Однажды — она как раз вернулась домой после второй операции — я подслушал случайно, как она сказала ему с ужасом: «Вот это вот — я, посмотри». Это было на кухне. Потрошеная курица лежала на кухонном столе — белая, голая, с пупырчатыми ляжками и бесстыдным черным отверстием между ними… «Потрошеная курица, — сказала она с ужасом и повторила: — Кура потрошеная…» Именно с той поры она и начала пить.
Бесконечные карточные пасьянсы за кухонным столом. Наливки. А потом и обыкновенная водочка — по бутылке в день, а потом и по две… На голове — скоба наушников, на клеенке — россыпь карт, полупустая бутылка и стакан — обыкновеннейший вечерний натюрморт. Я думал, она слушает музыку, но однажды, когда она заснула, уткнувшись лицом в клеенку, я осторожно снял наушники и послушал — чистый детский голосок выводил там: «Аве Мания грацья плейна Доминус тейкум бенедикта ту ин мульерибус ет бенедиктус фруктус вентрис туи Йезуе…» И детский печальный хор подхватывал: «Санкта Мария матер деи ора про нобис пекаторибус…» А потом тишина, космическое молчание и снова — «Аве Мария грацья плейна…» Я позвал его, и он с трудом дотащил ее, волоком, до постели — она была уже худая, но большая и все еще тяжелая тогда. Это теперь она съежилась, как мертвый воздушный шарик.

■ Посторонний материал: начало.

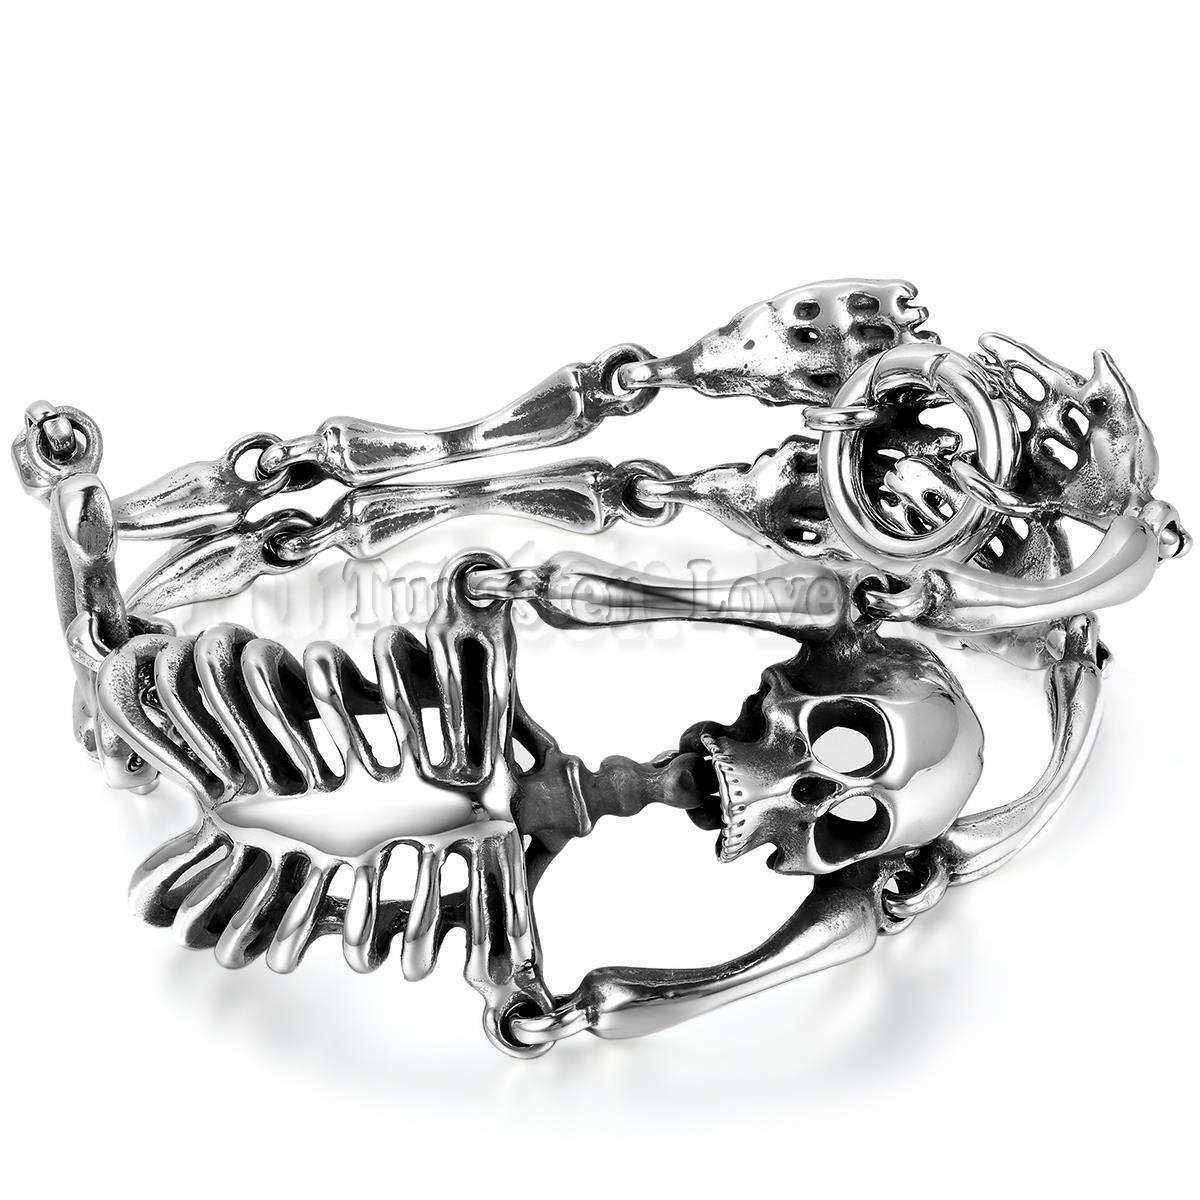 8.6 de pouce Hommes En Acier Inoxydable Bracelet Lien Poignet Argent Noir Crâne Squelette Vintage Bijoux Garçon Cadeau pulseira masculina couro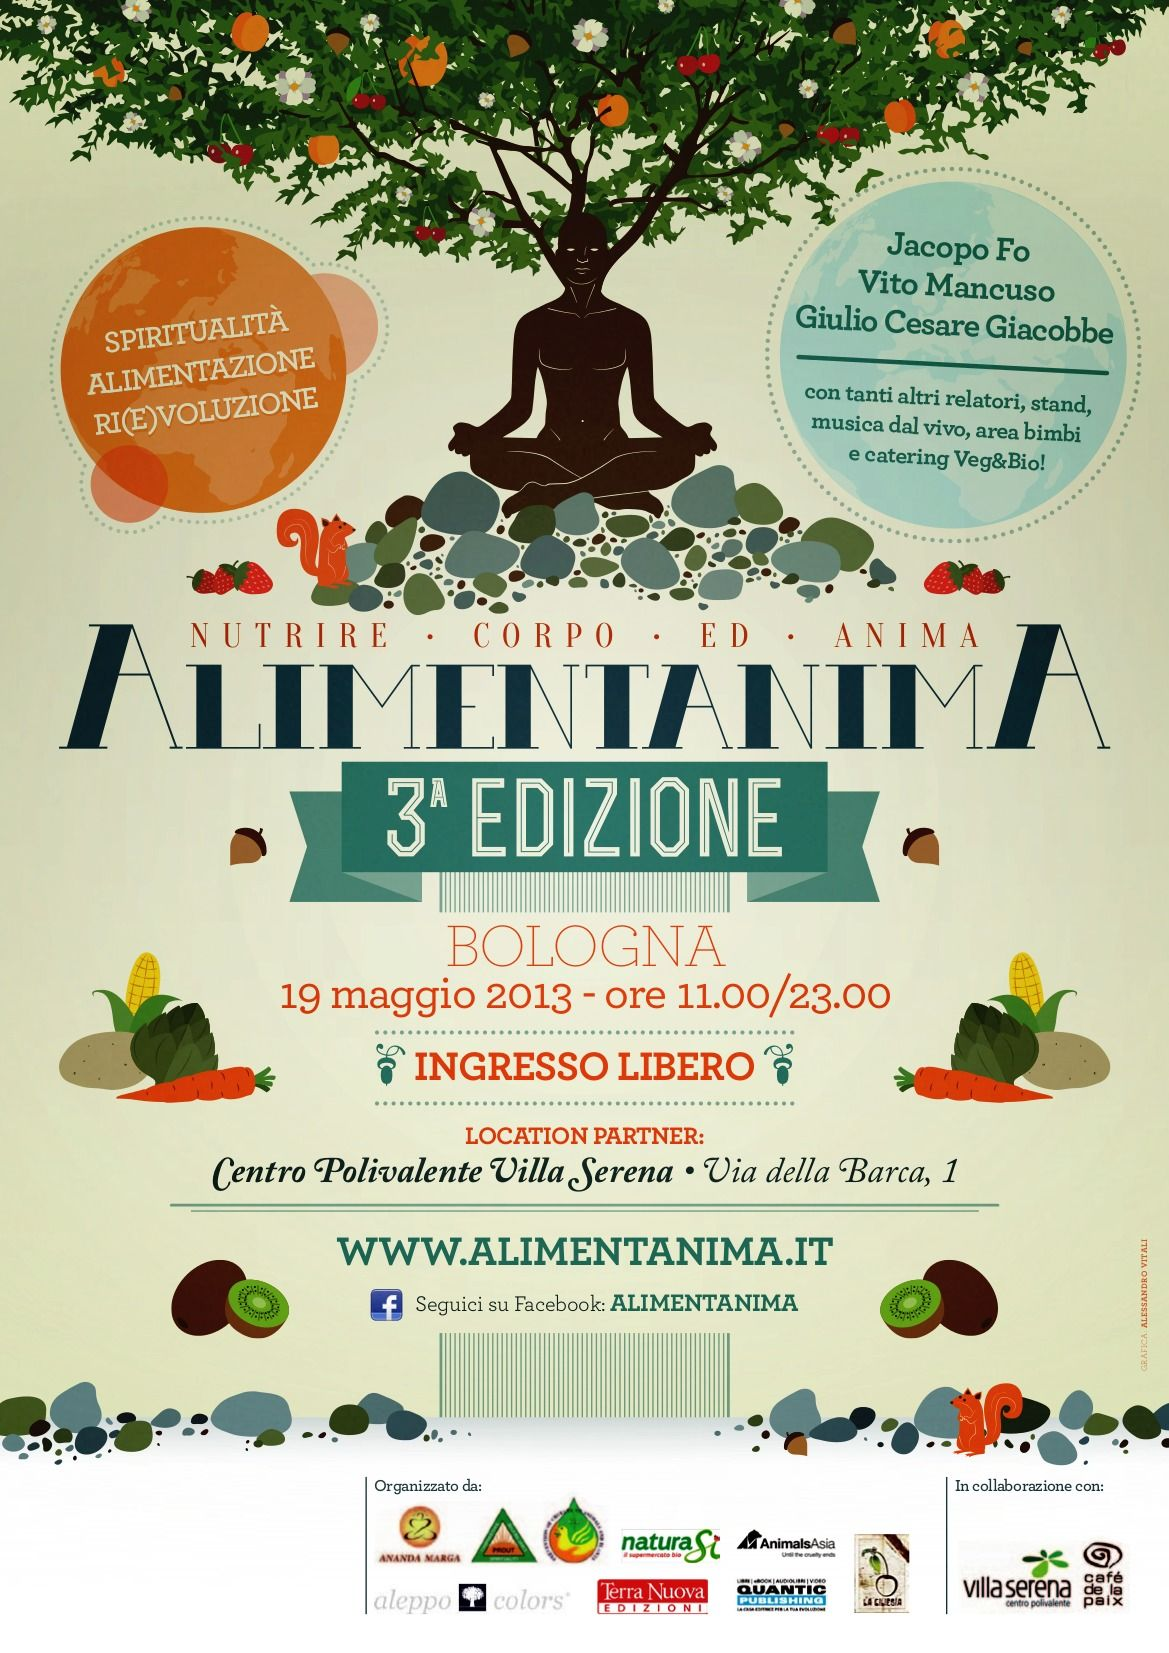 ALIMENTANIMA 2013 Accademia Gnostica Bologna Bologna

— …Ничего не изменится, пока мы не научимся что-то делать с этой волосатой, мрачной… наглой, ленивой обезьяной, которая сидит внутри каждого из нас. Пока не научимся как-то воспитывать ее. Или усмирять. Или хотя бы дрессировать… Или обманывать… Ведь только ее передаем мы своим детям и внукам вместе с генами. Только ее — и ничего кроме…
<. >
— И вот ведь что поразительно: все довольны! Или — почти все. Недовольные — стонут, плачут, молятся, бьются в припадках человеколюбия, и ничего не способны изменить. Святые. Отдающие себя в жертву. Бессильные фанатики. Они не понимают, что воспитанные никому не нужны. Пока — не нужны…
<…>
— …Это как неграмотность, понимаешь?.. Тысячелетиями неграмотные люди были нормой. Понадобилось что-то очень существенное изменить в социуме, чтобы грамотность сделалась нужной. И тогда, как по мановению жезла Моисеева, за какие-нибудь сто лет все стали грамотными. Может быть, воспитанность тоже пока социуму не нужна? Ну, не нужны нам терпимые, честные, трудолюбивые — нет в них никакой необходимости, — и так всё у нас ладненько и путем.
<…>
— … И что-то загадочное и даже сакральное, может быть, должно произойти с этим миром, чтобы Человек Воспитанный стал этому миру нужен. Человечеству. Самому себе стал нужен. И пока эта тайна не реализуется, все будет идти как встарь — поганая цепь времен. Цепь пороков и нравственной убогости. Ненавистный труд в поте лица своего и поганенькая жизнь в обход ненавистных законов… Пока не потребуется почему-то этот порядок переменить…
Сэнсей вдруг спросил (не оборачиваясь, все так же — лицом в стену):
— Вы тоже меня осуждаете, Робин?
— А як же ж, конечно, — сказал Роберт. — А за что, собственно? — Но он уже насторожился — голос сэнсея ему не понравился решительно.
— За то, что я учинил с Вадимом.
— Вот как? Вы что-то учинили с Вадимом? — Роберт все еще пытался держать юмористический тон, хотя сомнений уже не оставалось, что речь пошла о серьезных вещах. И вдруг — понял.
— А вы не заметили?
— Заметил, — медленно сказал Роберт. — Только что.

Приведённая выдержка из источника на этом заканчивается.